> **What to do**
Word for word, reproduce the listing that follows, excluding any pictures it contains.

*** Opening Information provided ***

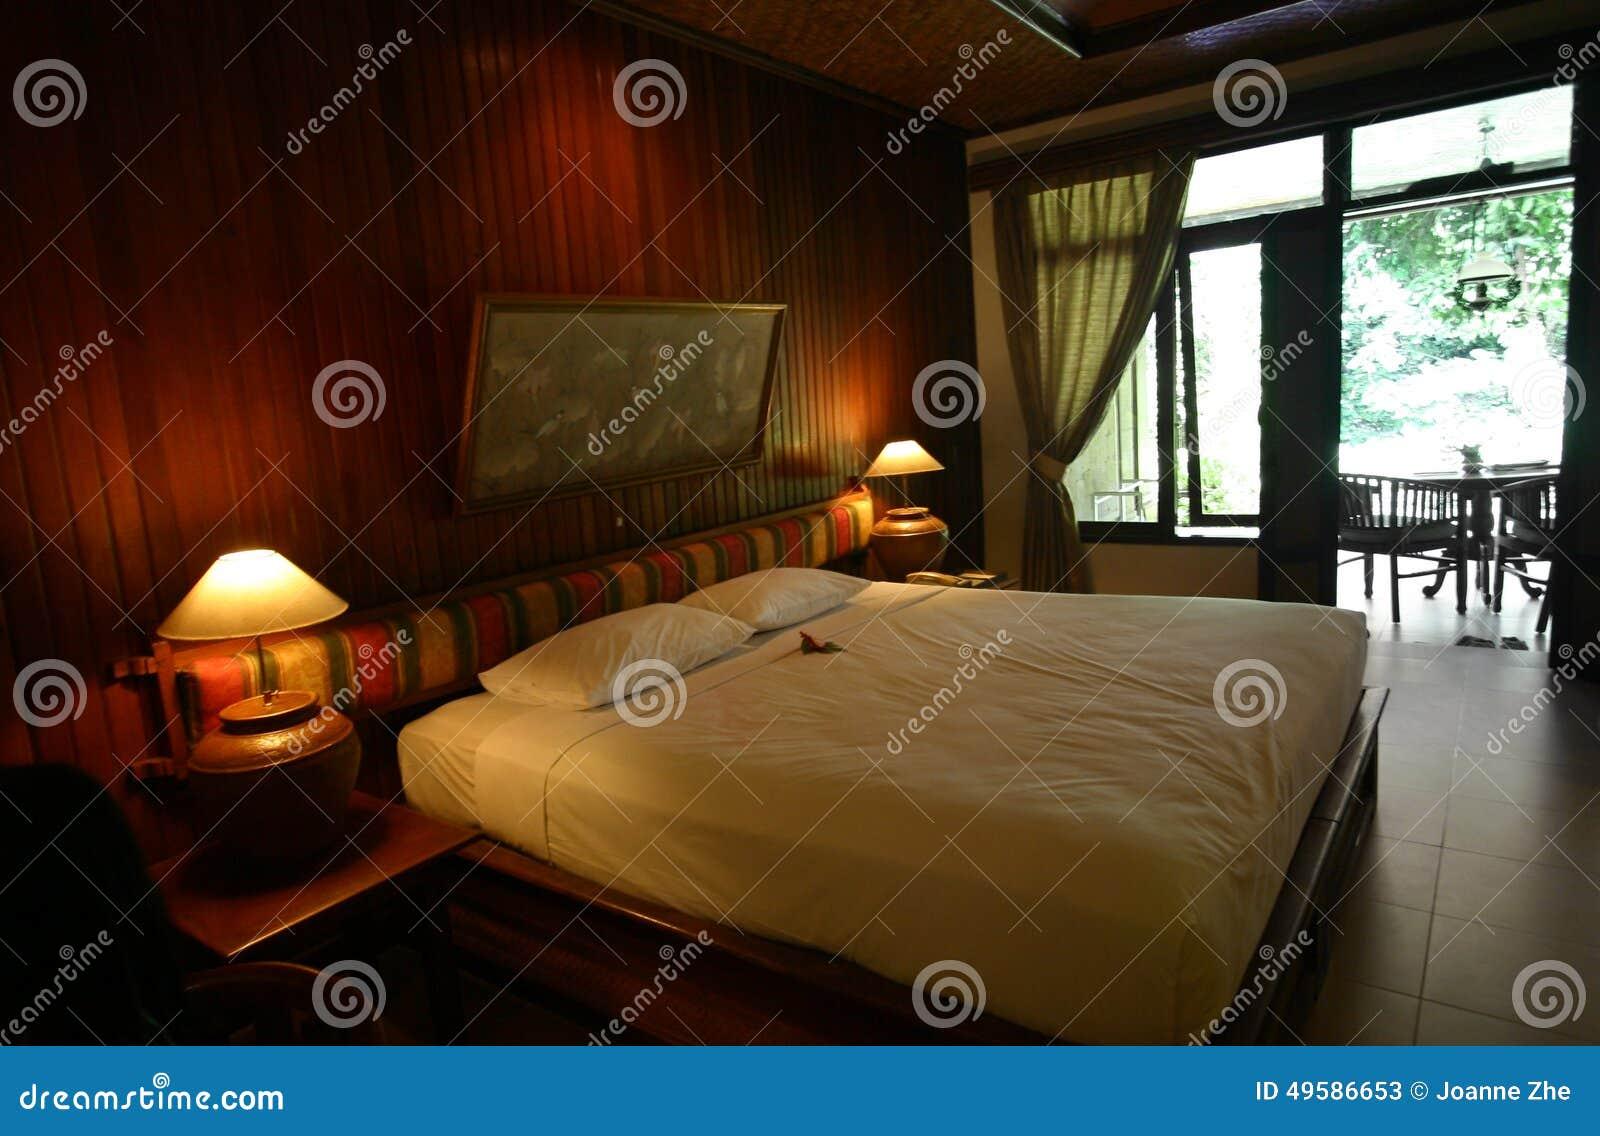 Bali Hotel Bedroom Style Decor
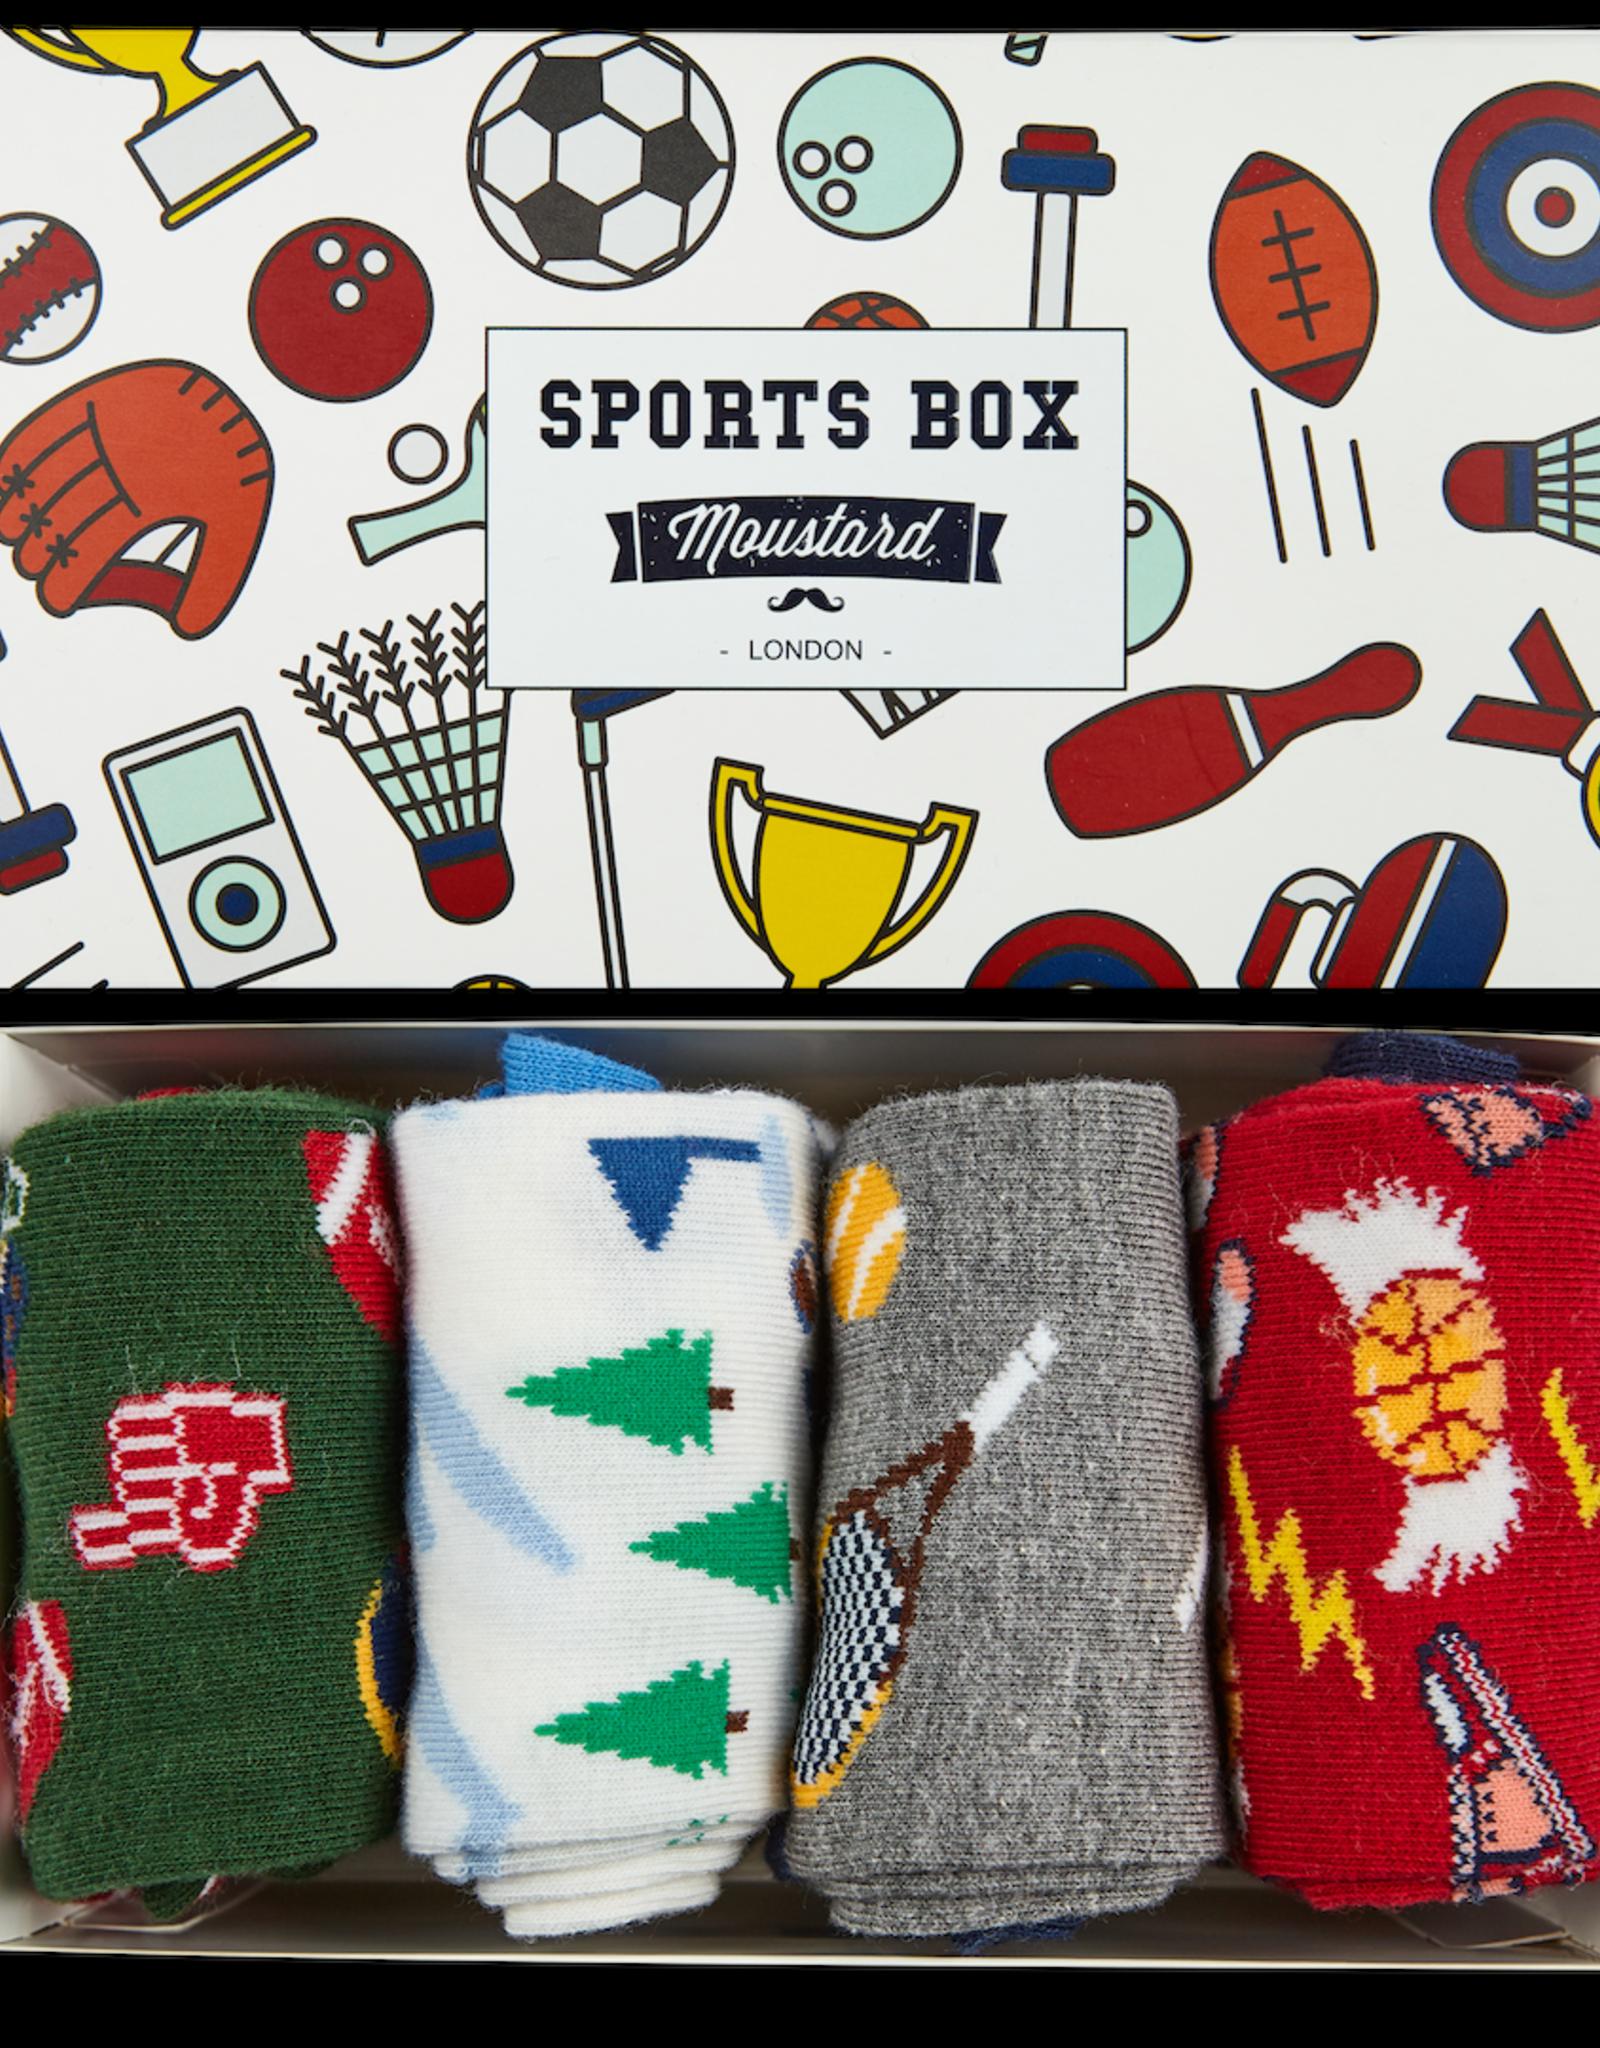 Moustard Moustard - Sports Box 41 - 46
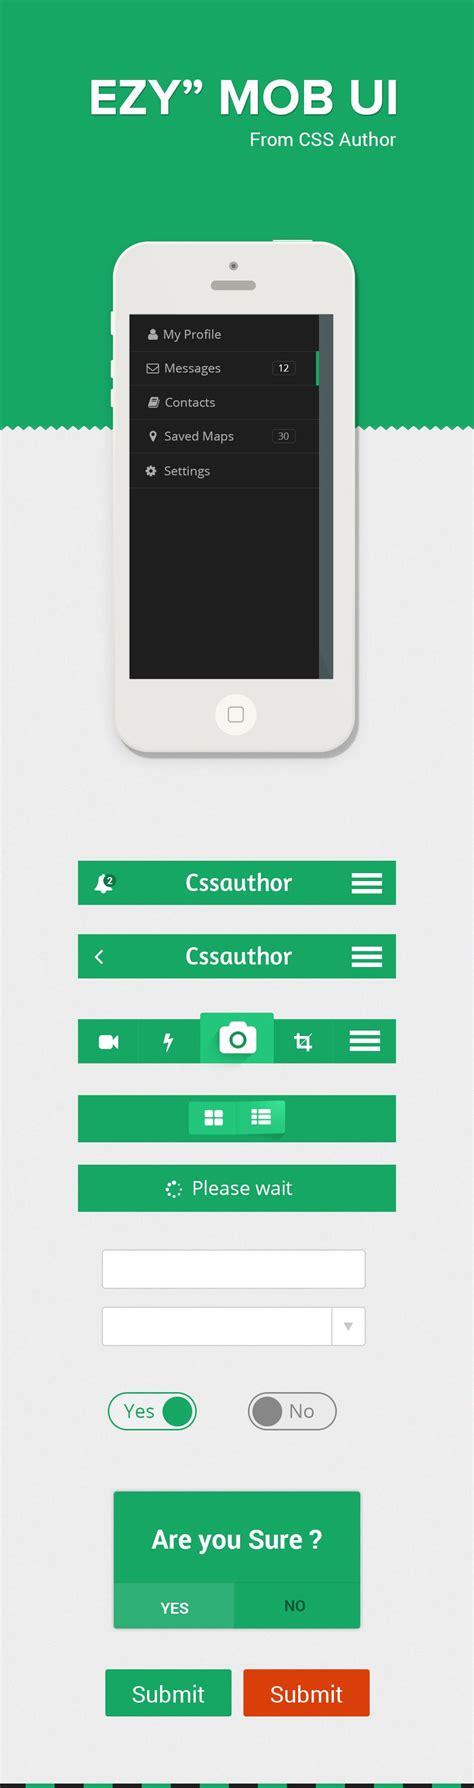 mobile user interface design ezy a free mobile ui design kit psd 187 css author

*** Closing Information provided ***

> **Exercise response**
 Bali Hotel Bedroom Style Decor
 Moustard Moustard - Sports Box 41 - 46
 mobile user interface design ezy a free mobile ui design kit psd 187 css author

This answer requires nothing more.